# Nuts!



## HenryBennett (Feb 22, 2021)

@Anitram in another thread mentioned nuts and toothache. Martin, I may have done the same thing. I’ve recently taken to snacking on nuts. Lidl has a good selection of nuts and I especially like the Brazil nuts. But I’m also mildly addicted to KP salted peanuts in their new resealable packet. I was out of KPs and was passing a Pound Shop on Saturday so bought a pack of no brand salted peanuts. What could go wrong? A peanut is a peanut Is a peanut.

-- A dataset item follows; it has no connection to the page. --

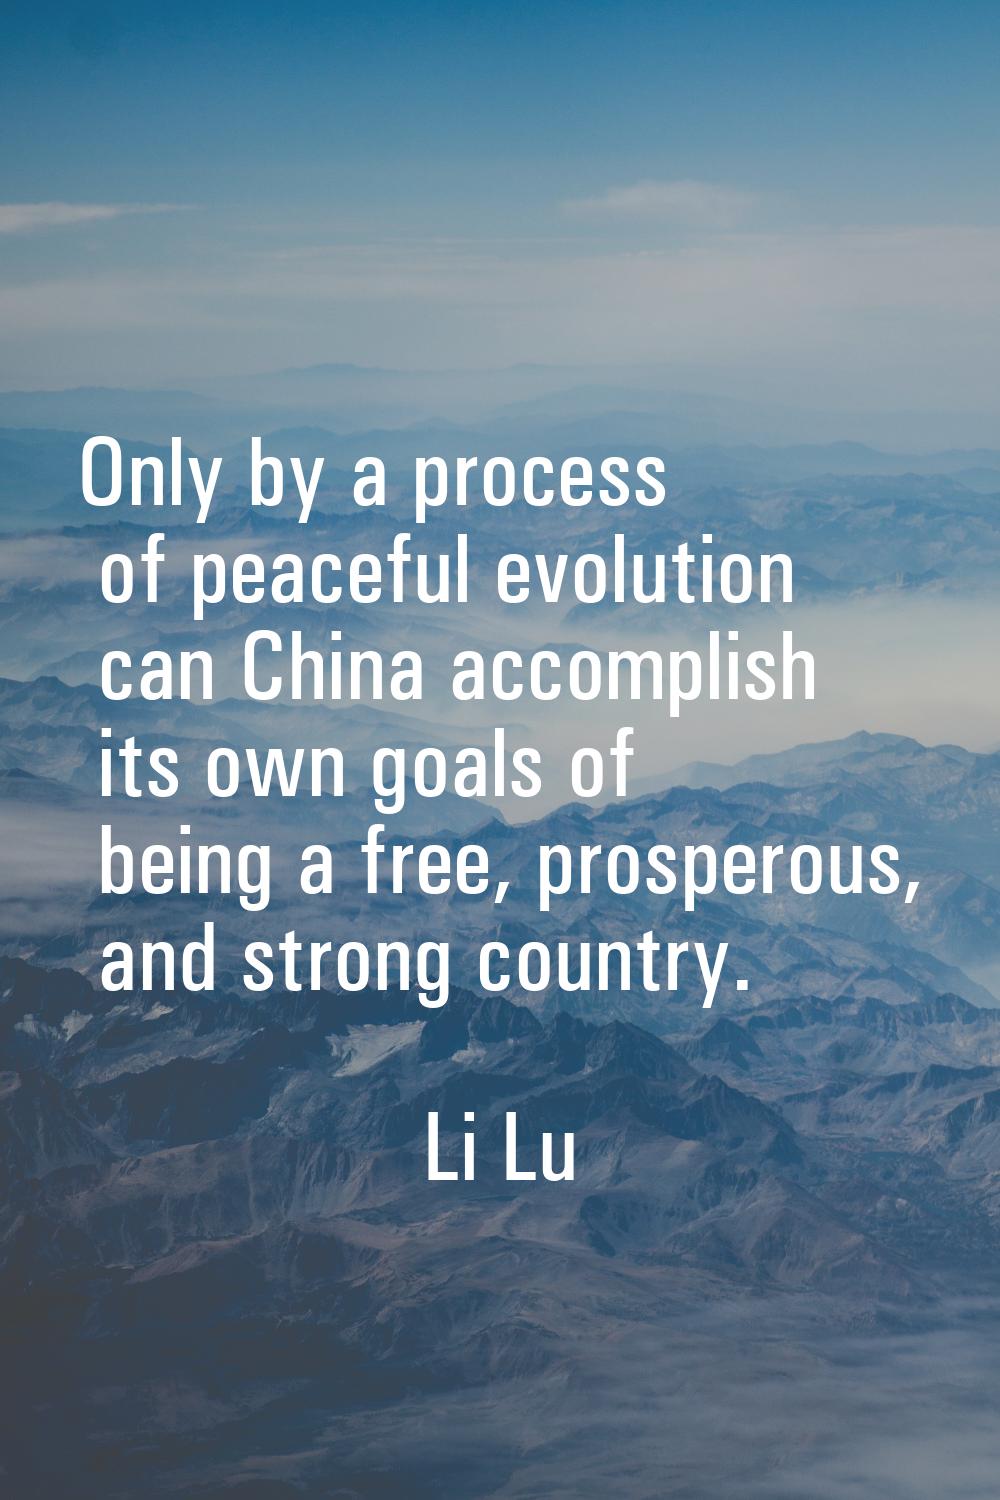 Only by a process of peaceful evolution can China accomplish its own goals of being a free, prosper

We know that with wine a grape isn’t just a grape. We know with coffee that a bean isn’t just a bean. And I now know that a peanut isn’t just a peanut. I had a handful and threw the rest of the packet away. 

What are your favourite nuts, folks?


----------



## Drummer (Feb 22, 2021)

I get nuts from Grapetree when they let us know there is an offer on - I have never found a bad one, they are really fresh and tasty.
In these times there is the added advantage of being delivered very efficiently.


----------



## Kaylz (Feb 22, 2021)

I rarely eat nuts these days but cashews and pecans had to be my 2 favourites xx


----------



## Inka (Feb 22, 2021)

I love nuts! I like them all really, but walnuts always make me a bit nervous as the bad ones are seriously disgusting!

My favourite nuts are brazil nuts, macadamia nuts and chestnuts. I also like nut butters.


----------



## Drummer (Feb 22, 2021)

Check the carb content though as quite a few things called nuts are not, botanically, nuts - the joys of having a B.Sc.


----------



## HenryBennett (Feb 22, 2021)

Drummer said:


> Check the carb content though as quite a few things called nuts are not, botanically, nuts - the joys of having a B.Sc.


I didn’t know that, but habitually I check carbs on all labels now.


----------



## Billy Bob (Feb 22, 2021)

Drummer said:


> I get nuts from Grapetree when they let us know there is an offer on - I have never found a bad one, they are really fresh and tasty.
> In these times there is the added advantage of being delivered very efficiently.


We get ours from grape tree and sun dried tomatoes which are great for use in loads of dishes


----------



## nonethewiser (Feb 22, 2021)

HenryBennett said:


> I had a handful and threw the rest of the packet away.



KP are best, salt n vinegar ones especially delicious, fav is cashew.


----------



## Leadinglights (Feb 22, 2021)

Yes. I can't quite understand why people can have severe allergic reaction to peanuts which are legumes yet be fine with peas and beans also legumes. Grape tree also a favourite place for nuts etc. I was so pleased that they set up after the demise of Julian Graves, the same people as I understand it.


----------



## freesia (Feb 22, 2021)

KP salted peanuts with a glass of chilled white wine.
Walnuts with greek yoghurt.
Almonds any othee time.


----------



## HenryBennett (Feb 22, 2021)

Anitram said:


> I sometimes mix chopped walnut pieces with strawberries and Greek yogurt as a dessert but for a snack I'll grab a pack of Graze (Chilli & Lime flavour) or a Dk Chocolate & Sea Salt Nut bar. Stopped grabbing a handful of cashews a while back as gram for gram they have a lot more carbs than other nuts.
> 
> I've left the nuts alone today as I don't want to risk absent-mindedly biting down with my loose crown, and tea tonight was a Tuna & Pasta Bake as it didn't involve much chewing.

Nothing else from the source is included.